### What this task involves
All lines from the one containing "Capture d'écran 2017-10-07" to the end of the listing below should be output exactly; omit the pictures.

Start of Raw data

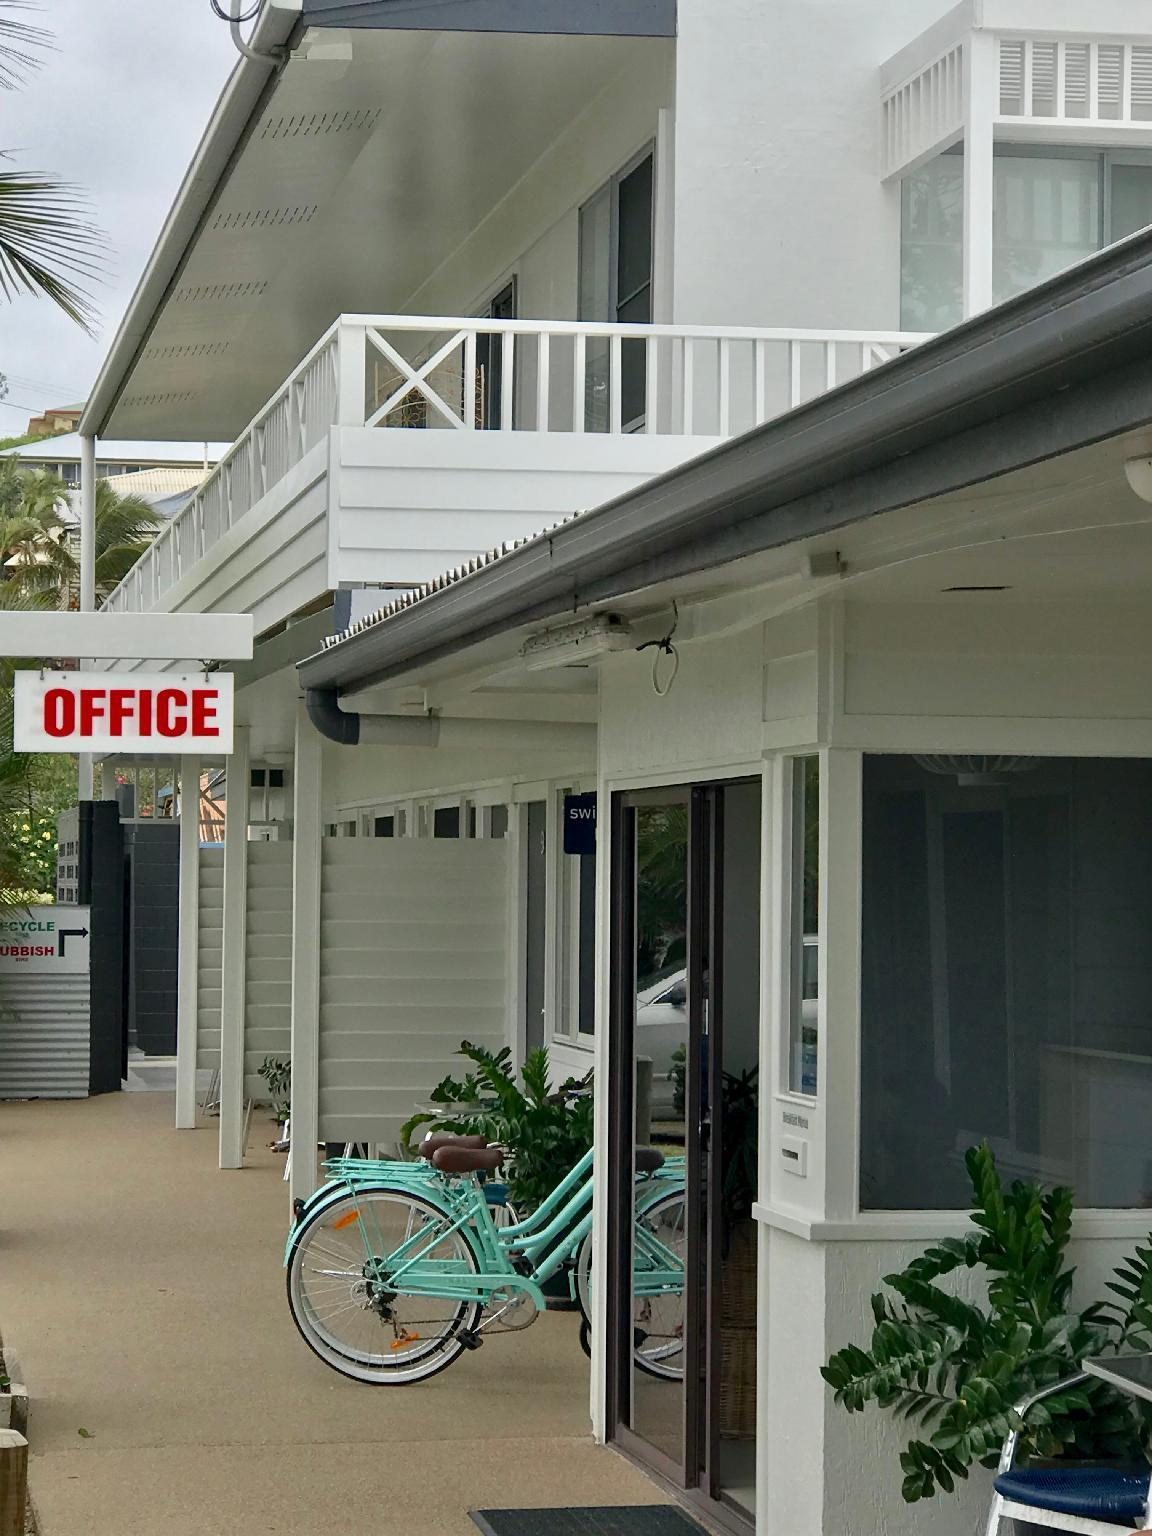 Yeppoon Surfside Motel
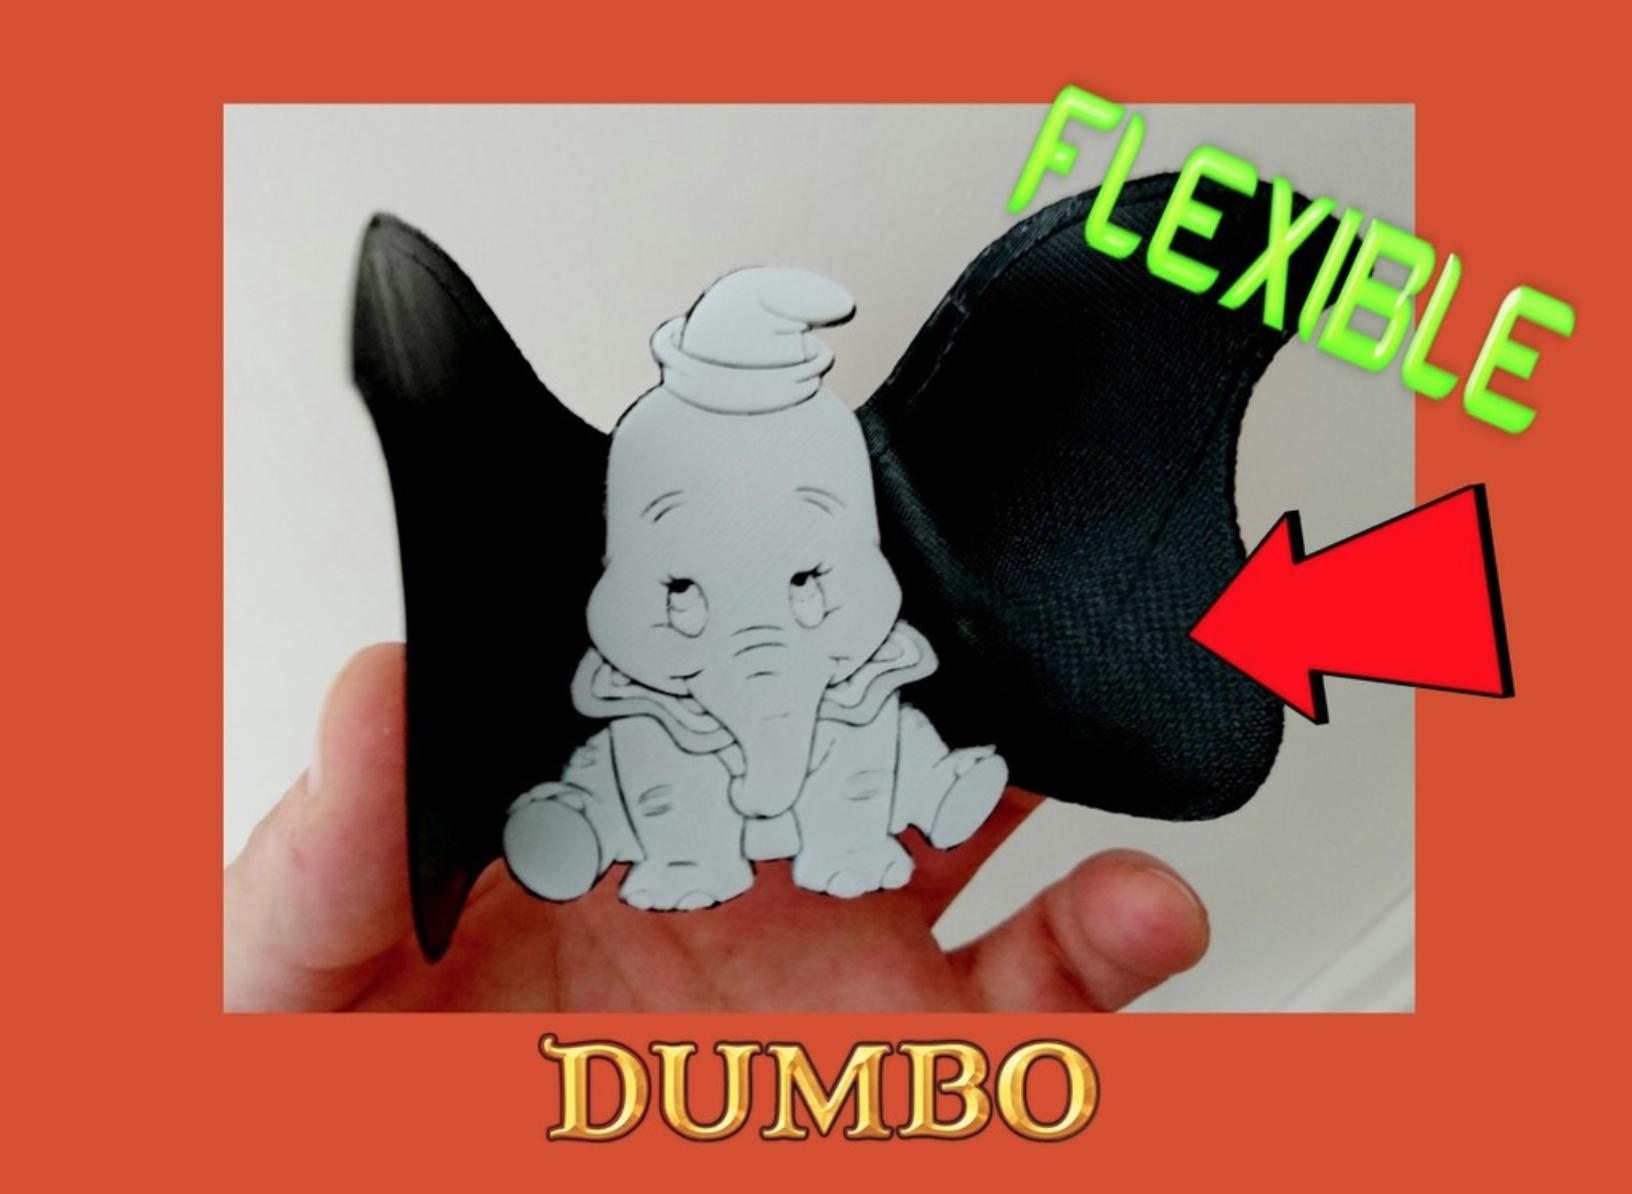 Capture d'écran 2017-10-07 à 18.25.50.png Download free STL file Dumbo flexible 3D drawing • Design to 3D print, 3dlito
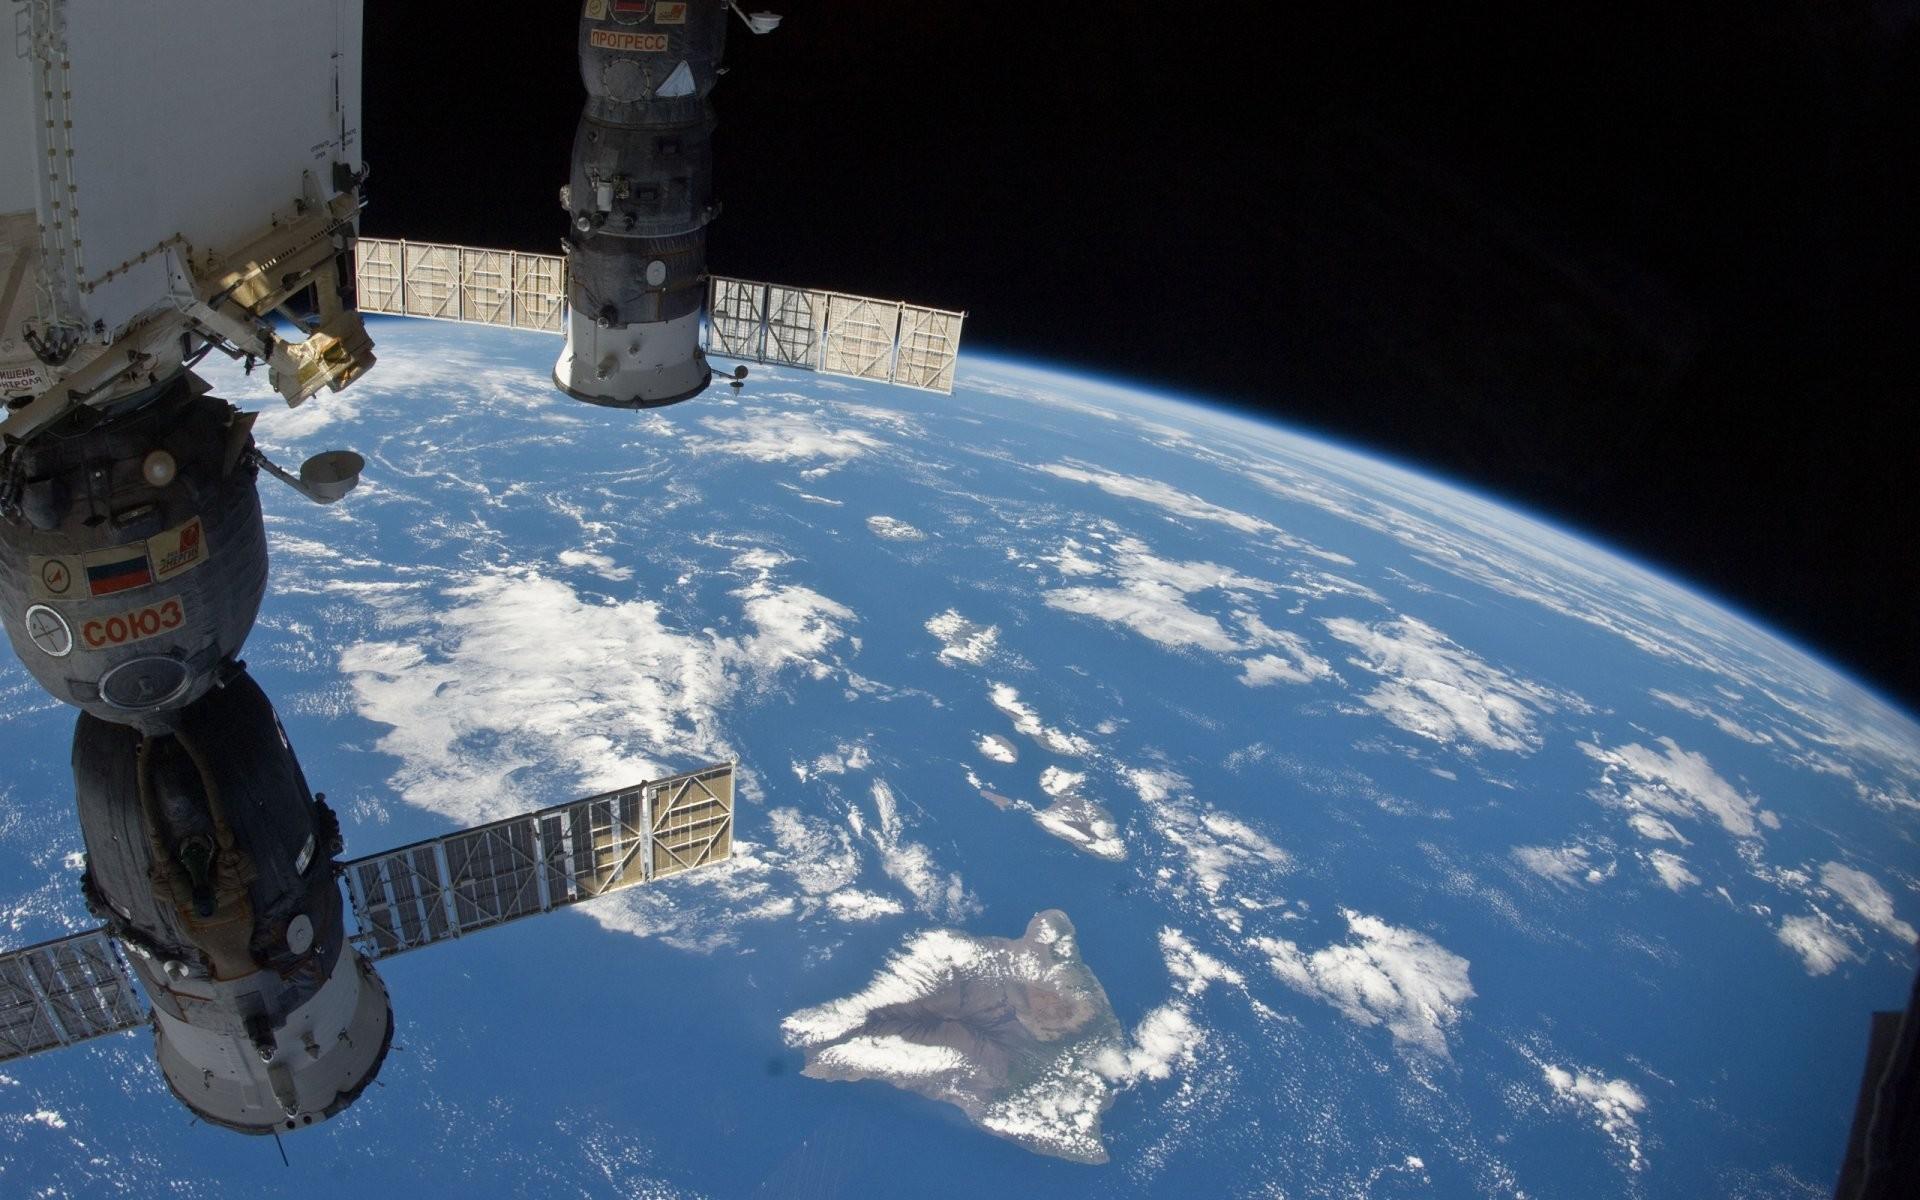 International Space Station 509849

End of Raw data

### Solved exercise
 Capture d'écran 2017-10-07 à 18.25.50.png Download free STL file Dumbo flexible 3D drawing • Design to 3D print, 3dlito
 International Space Station 509849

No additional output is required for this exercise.